*TASK DETAILS:*
What you return must match the listing below exactly, minus any pictures.

*EXERCISE DATA:*
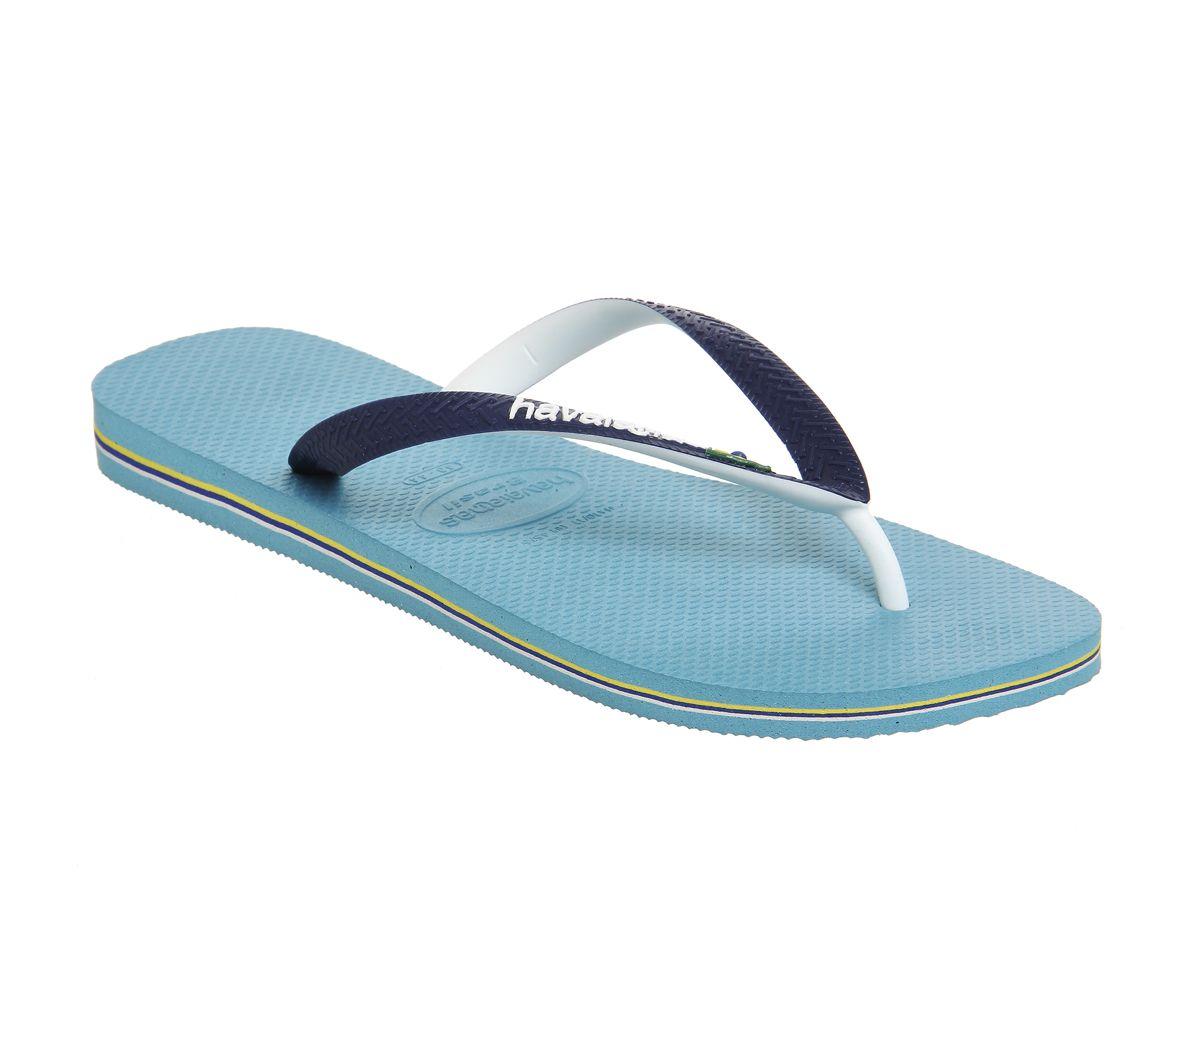 85b025945fd6 Havaianas Brasil Mix Blue - Sandals
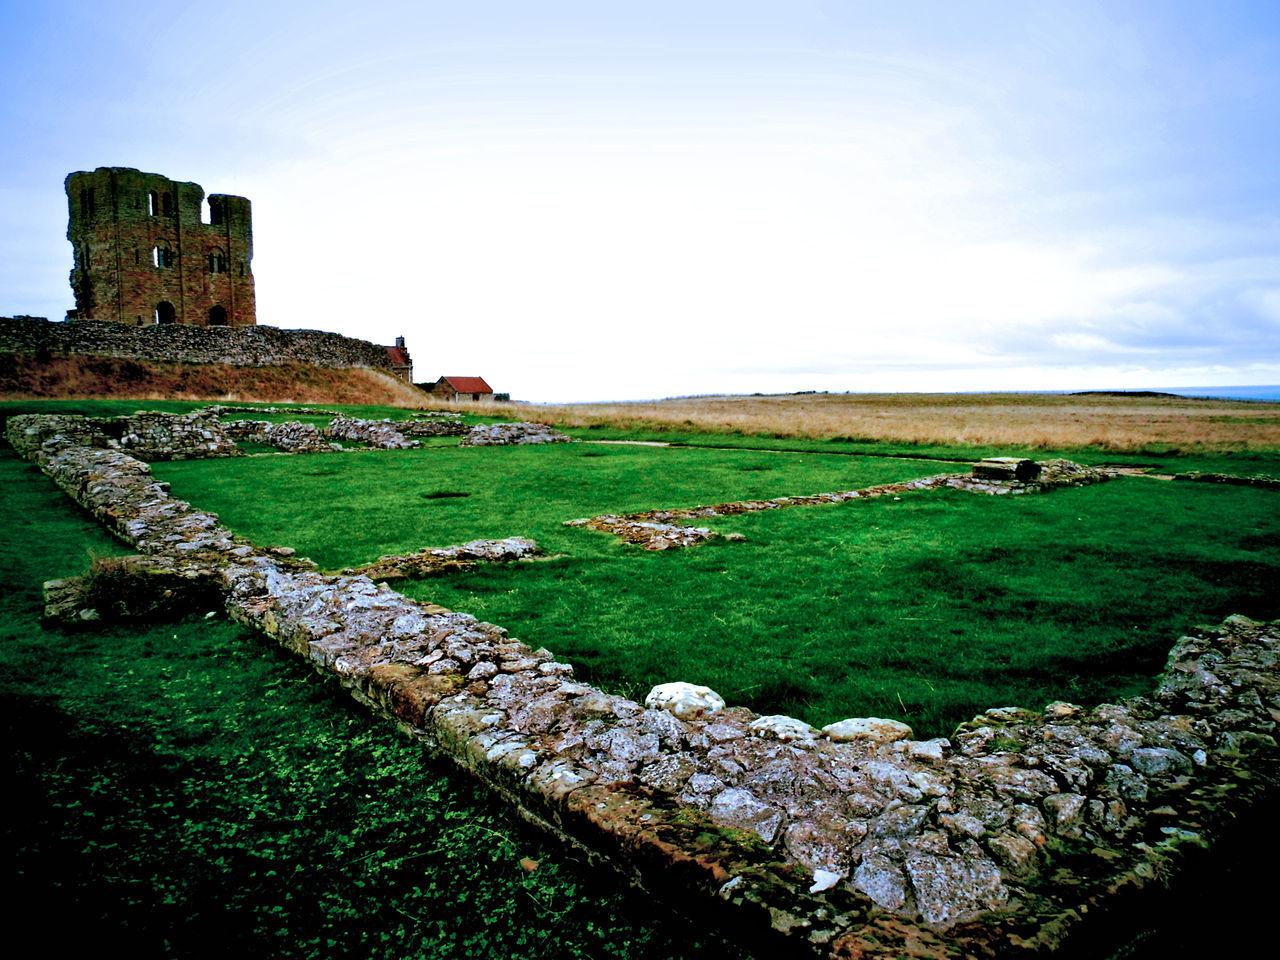 Castle On Grassy Field Against Sky
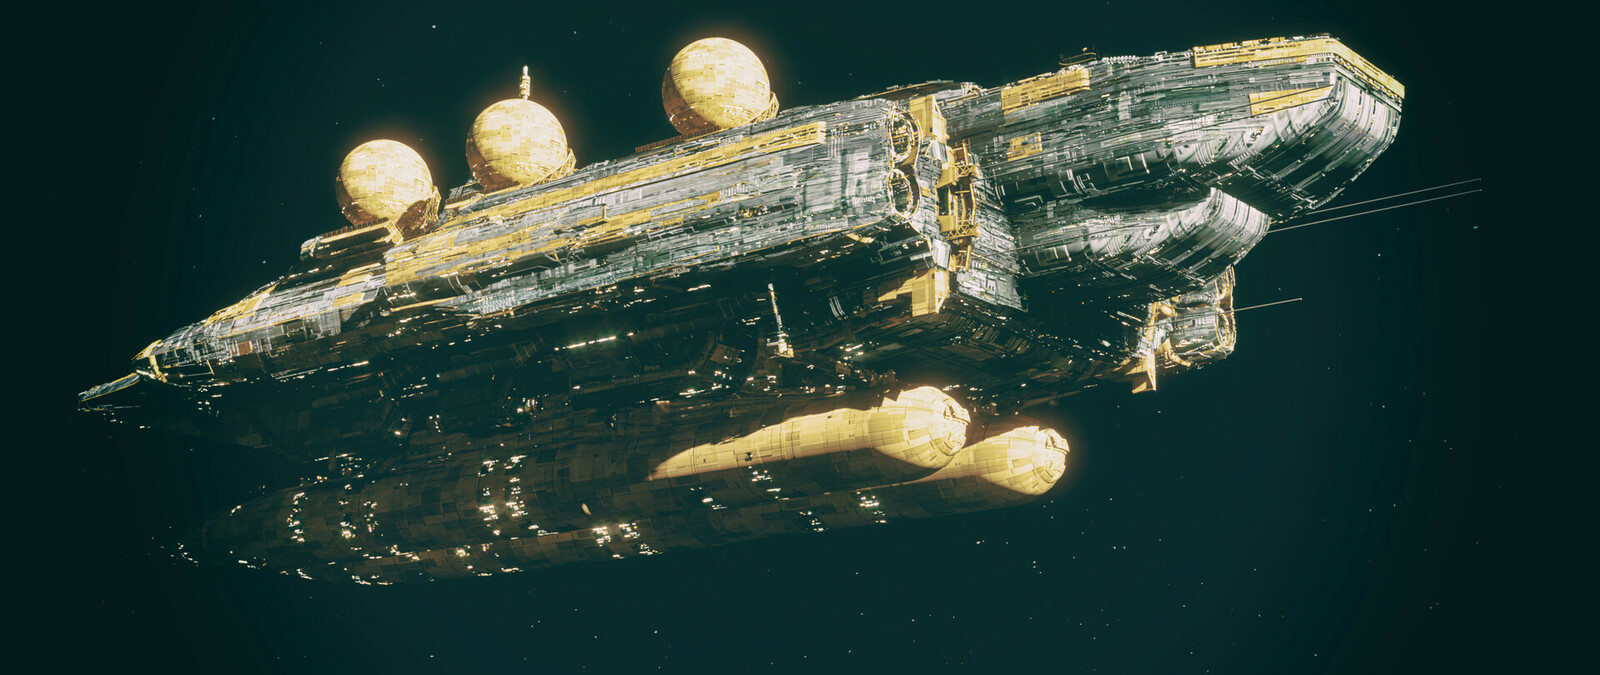 UNS Ticonderoga missile barge

*PROBLEM SOLUTION:*
 85b025945fd6 Havaianas Brasil Mix Blue - Sandals
 Castle On Grassy Field Against Sky
 UNS Ticonderoga missile barge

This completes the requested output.